Source material.

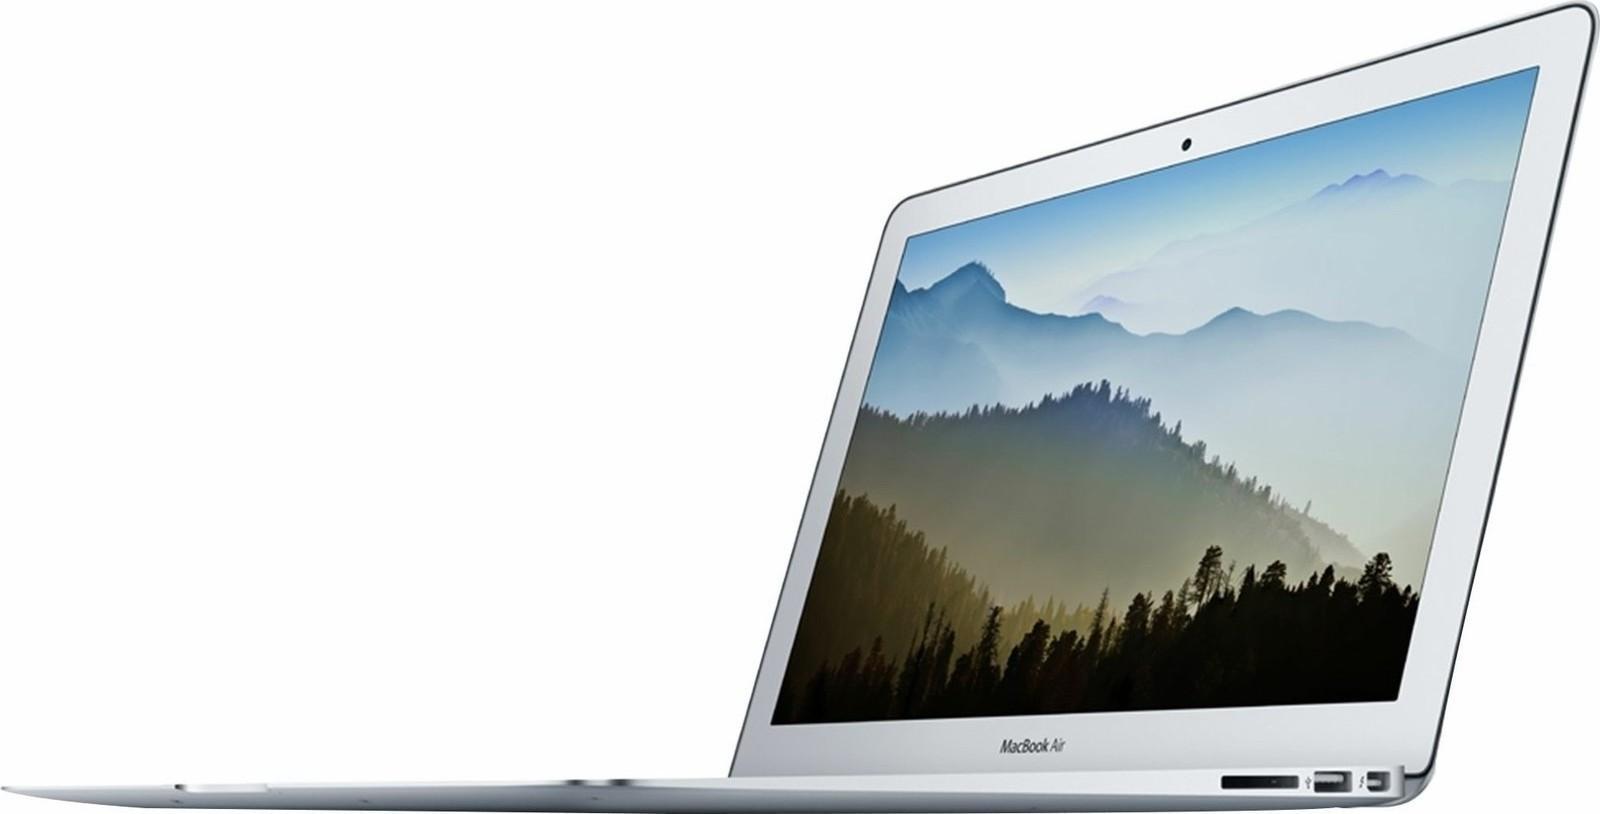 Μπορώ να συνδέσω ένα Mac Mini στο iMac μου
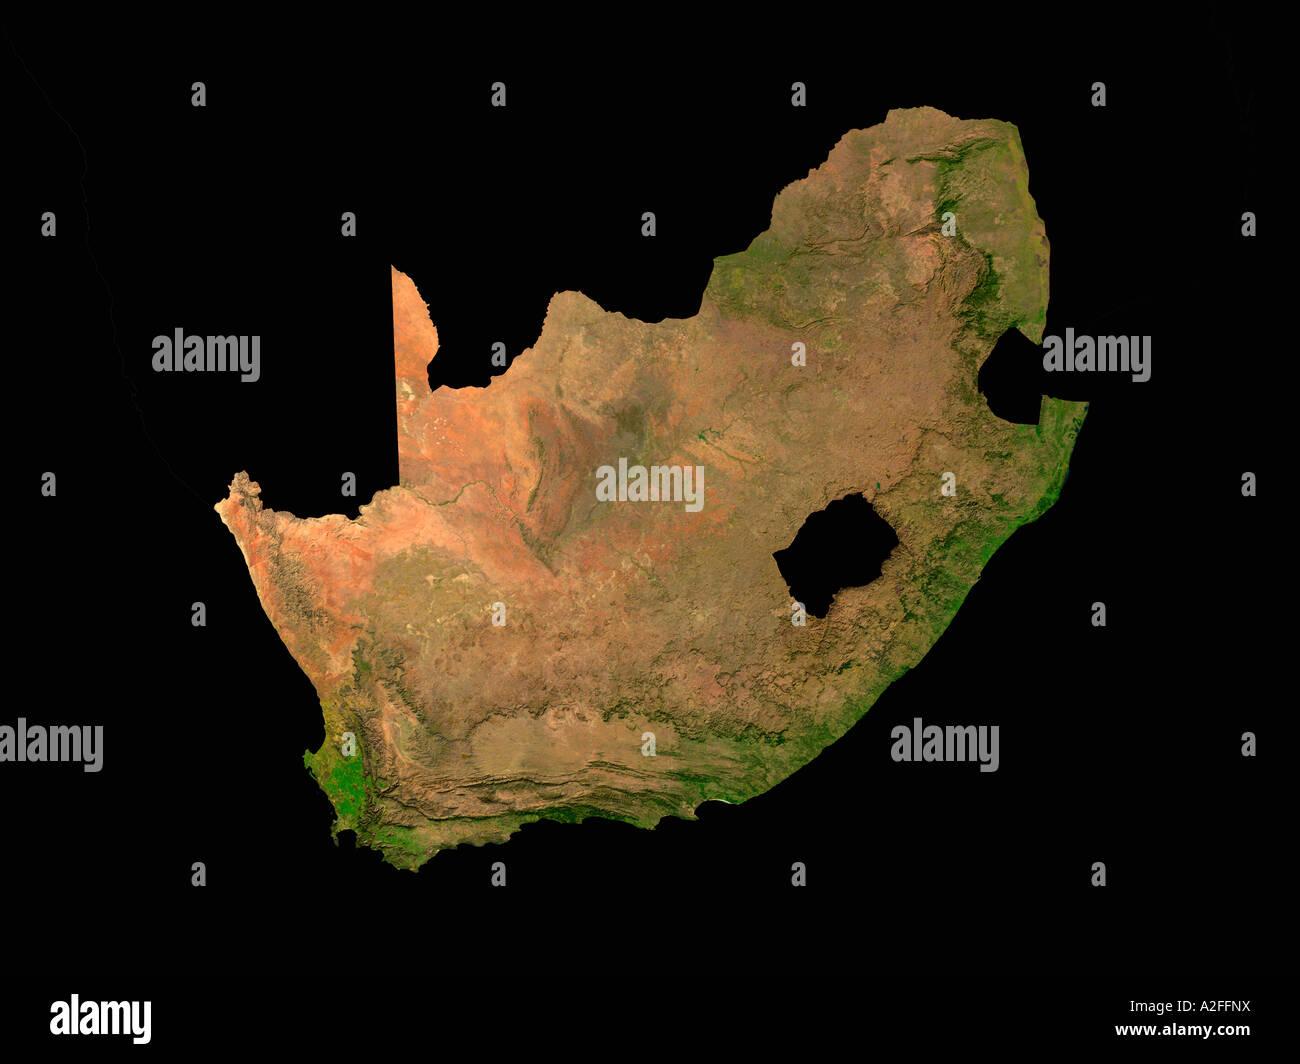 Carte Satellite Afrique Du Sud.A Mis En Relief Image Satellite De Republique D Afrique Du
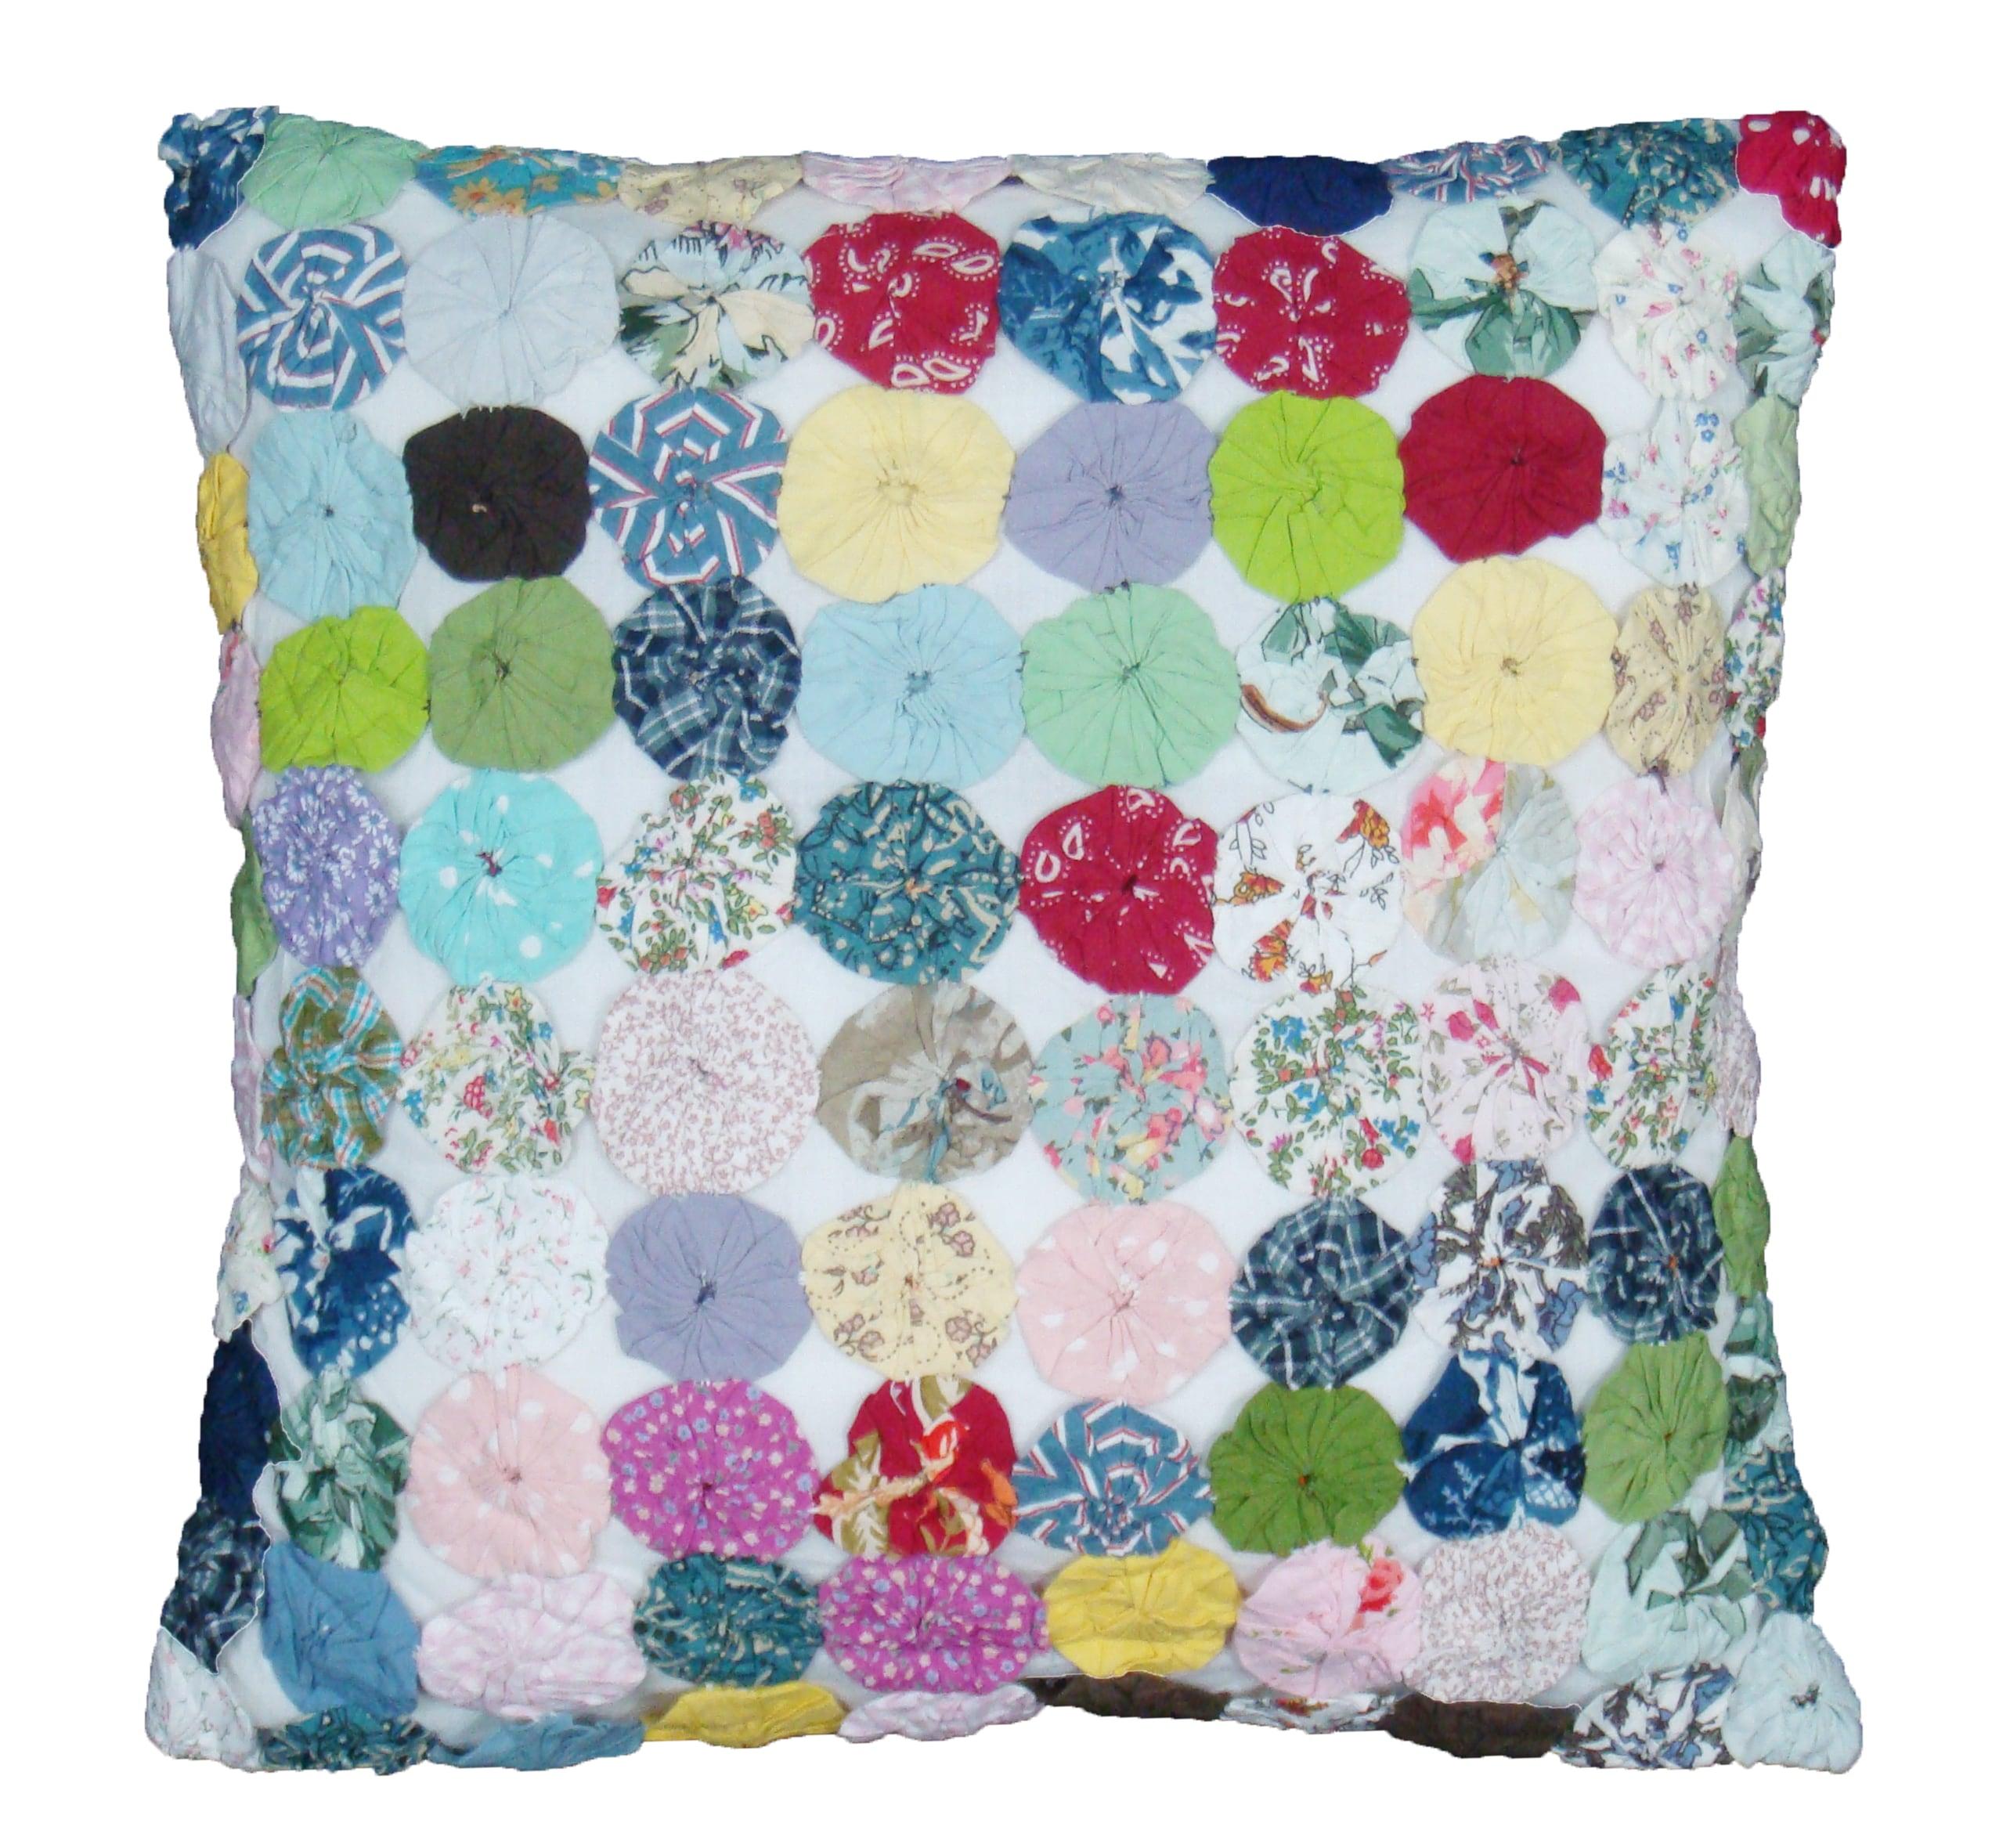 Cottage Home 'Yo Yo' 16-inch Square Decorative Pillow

Task. Copy the final stretch of lines, starting at the one that holds "Carte Satellite Afrique" and ending at the last line of the data, exactly; omit pictures.

Result.
 Carte Satellite Afrique Du Sud.A Mis En Relief Image Satellite De Republique D Afrique Du
 Cottage Home 'Yo Yo' 16-inch Square Decorative Pillow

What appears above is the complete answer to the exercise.